Mon Feb 18 18:35:07 UTC 2019

Hi Marcus,
many thanks for giving Panama a serious try and to put together the 
detailed feedback as per below. Some comments inline:

On 18/02/2019 18:00, Marco Hutter wrote:
> Hello,
>
> I used the latest early access build (2019/2/12) to generate 
> (experimental) bindings for CUDA on Windows with jextract. This was 
> only a basic test, but it worked quite well. I could create an example 
> of a GEMM computation with CUBLAS, the CUDA BLAS implementation. 
> Further and more sophisticated test may follow. I'll describe what I 
> did to test this, and below you'll find a list of possible issues (or 
> at least discussion points).
>
> --------------------------------------------------------------------------- 
>
>
> Some context: CUBLAS is a GPU-based BLAS library, built on top of 
> CUDA. In order to use CUBLAS, one needs some basic functions from 
> CUDA, mainly for the memory management. There are some further 
> caveats, e.g. the distinction between the "CUDA Runtime API" and the 
> "CUDA Driver API", or the difference between CUBLAS and CUBLAS_v2, but 
> I'll omit some of these details here. What's relevant: There are two 
> library bindings involved. One for the CUDA Runtime API, and one for 
> CUBLAS itself.
>
> I packed the jextract calls into .BAT files that can be run at the 
> standard Windows command prompt. Apologies for the odd, hard-coded 
> paths - this is also addressed in the issue list below.
>
> The call for generating the CUDA Runtime API bindings:
>
> jextract.exe^
>   -L "C:/Program Files/NVIDIA GPU Computing Toolkit/CUDA/v10.0/lib/x64/"^
>   -I "C:/Program Files/NVIDIA GPU Computing Toolkit/CUDA/v10.0/include"^
>   -l cudart64_100.dll^
>   -t org.jcuda.panama.cudart^
>   --record-library-path "C:/Program Files/NVIDIA GPU Computing 
> Toolkit/CUDA/v10.0/include/cuda_runtime.h"^
>   -o cudart.jar^
>   --log INFO
>
> The call for generating the CUBLAS bindings:
>
> jextract.exe^
>   -L "C:/Program Files/NVIDIA GPU Computing Toolkit/CUDA/v10.0/lib/x64/"^
>   -I "C:/Program Files/NVIDIA GPU Computing Toolkit/CUDA/v10.0/include"^
>   -l cublas64_100^
>   -t org.jcuda.panama.cublas^
>   --record-library-path "C:/Program Files/NVIDIA GPU Computing 
> Toolkit/CUDA/v10.0/include/cublas.h"^
>   -o cublas.jar^
>   --log INFO
>
>
> With the resulting "cudart.jar" and "cublas.jar", it was possible to 
> run the basic tests from the attached file. (It's a bit unstructured 
> and thrown together, but should only show the basic usage).
>
> A high-level description of doing a GEMM (matrix multiplication) with 
> CUBLAS is:
> - Given are the matrices, as 1D Java float[] arrays
> - CUDA: Allocate "device memory" (GPU memory) for the matrices
> - CUDA: Copy the matrices from Java into the device memory
> - CUBLAS: Perform the GEMM
> - CUDA: Copy the result matrix from the device memory back to Java
> - Profit
>
>
> --------------------------------------------------------------------------- 
>
> Issues/Discussion points:
>
> 1. There are the usual (minor) Windows-vs-Linux quirks.
> - The windows path separator is "\", but can simply be replaced with "/"
> - The line separator in .BAT files is not "\", but "^"
> - Having the full path in the jextract call, including the "C:/Program 
> Files"... part, looks a bit odd, but I don't think there is another 
> reasonable solution for that. There is no fixed 
> install/include/library directory otherwise.

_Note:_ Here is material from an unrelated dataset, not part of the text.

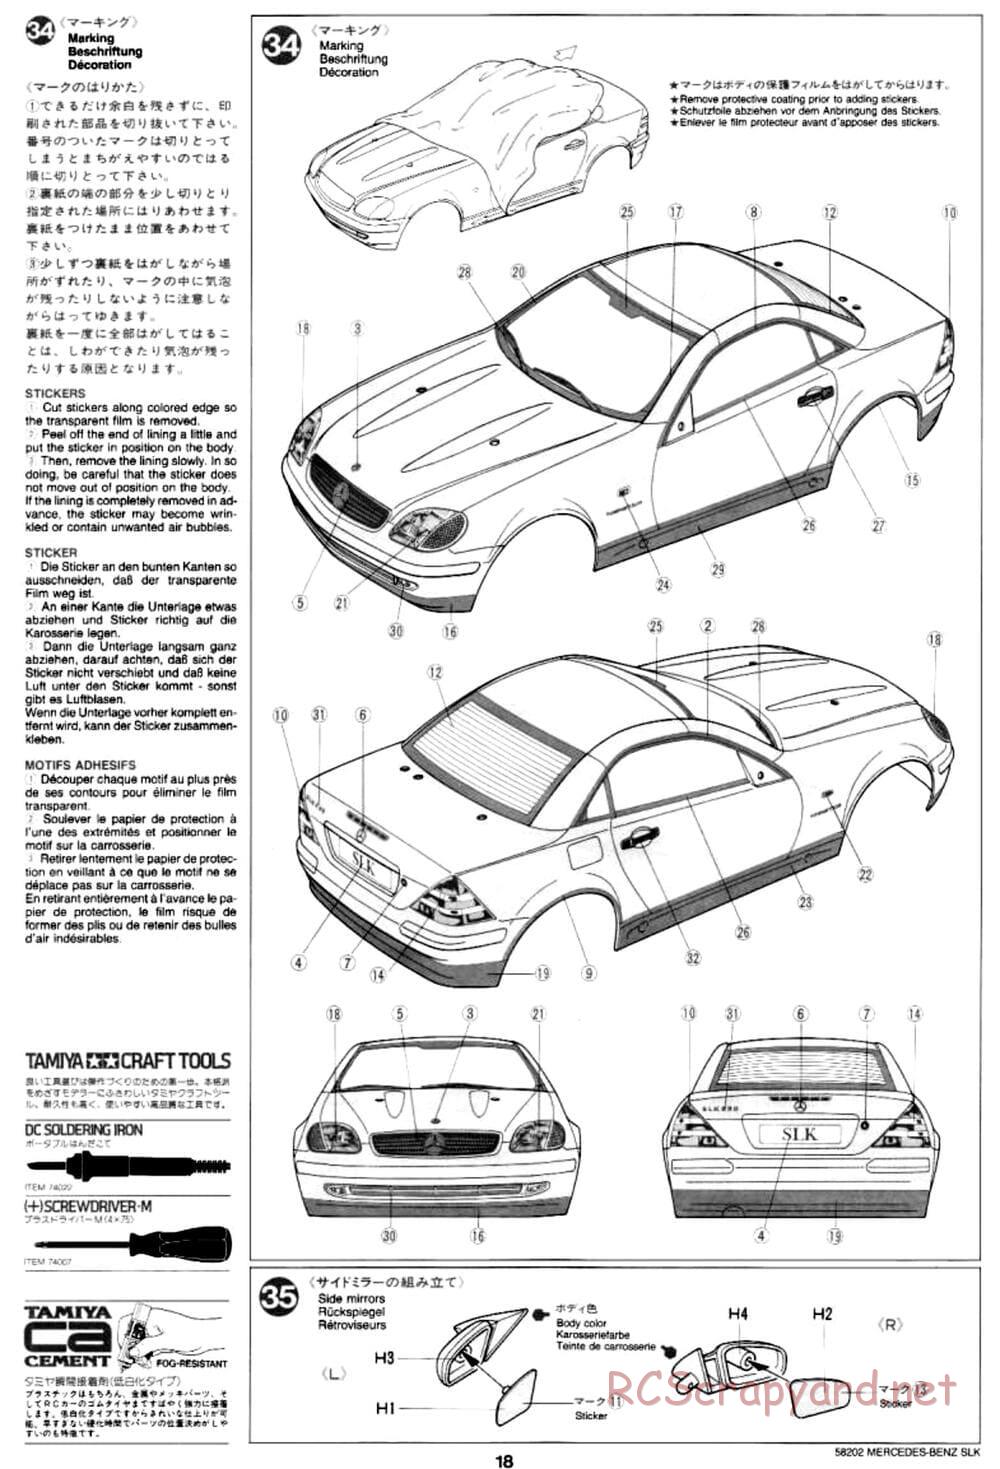 Tamiya - Mercedes-Benz SLK - M02L Chassis - Manual - Page 18
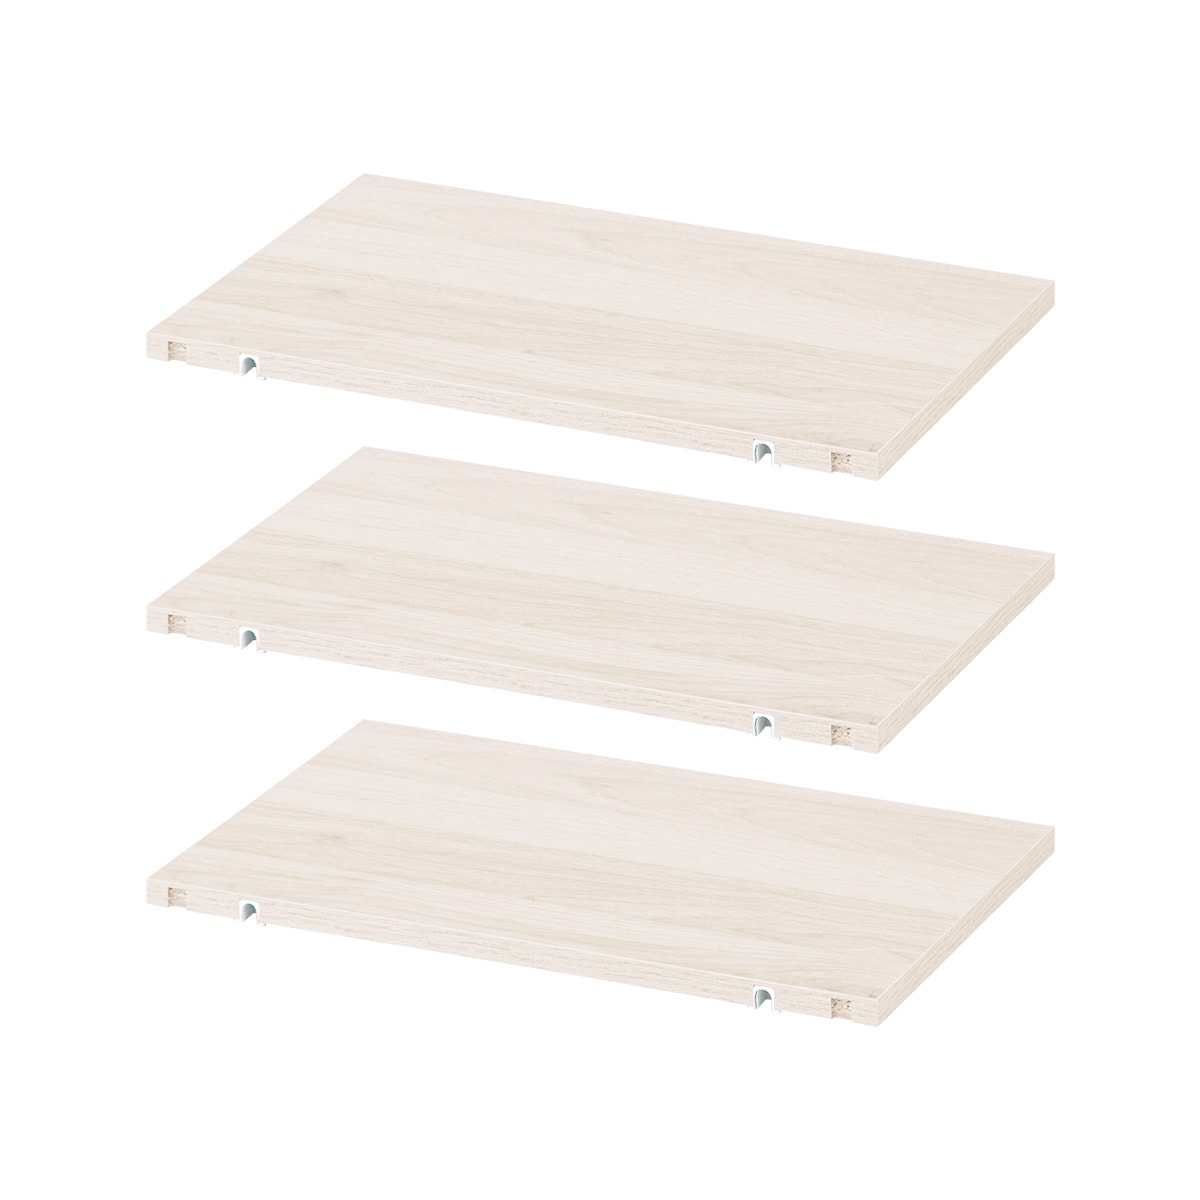 ニトリのシェルフMSシリーズ用 棚板(3枚セット ホワイトウォッシュ)   【1年保証】(リビング収納)

Is this an issue (as in 'bug') or is this just a note on how to read the 
jextract command line above? Is there an alternate command line that you 
would have liked better but that doesn't work?

As for omitting "Program Files..." yes, that's not possible, since 
there's really no default path here.

>
> ---
>
> 2. The handling of the actual native library name
> (This might not be immediately relevant or specific for Panama, but 
> worth mentioning: )
> Initially, I thought that the "-l" parameter required the name of the 
> ".lib" file (e.g. "cublas.lib"), but now I know that it is the name of 
> the actual library, which is to be passed to System.loadLibrary 
> eventually. The actual DLL for CUBLAS is called "cublas64_100.dll". So 
> thanks to the System.loadLibrary magic (which appends the ".dll" 
> part), the name has to be given as
> -l cublas64_100
> I know that this is different under Linux and Mac. I've been there: 
> https://github.com/jcuda/jcuda/blob/master/JCudaJava/src/main/java/jcuda/LibUtils.java 
> . And things like the "library.so.2.1" version numbering and symlinks, 
> or this RPATH thingy on Mac always cause headaches here and there...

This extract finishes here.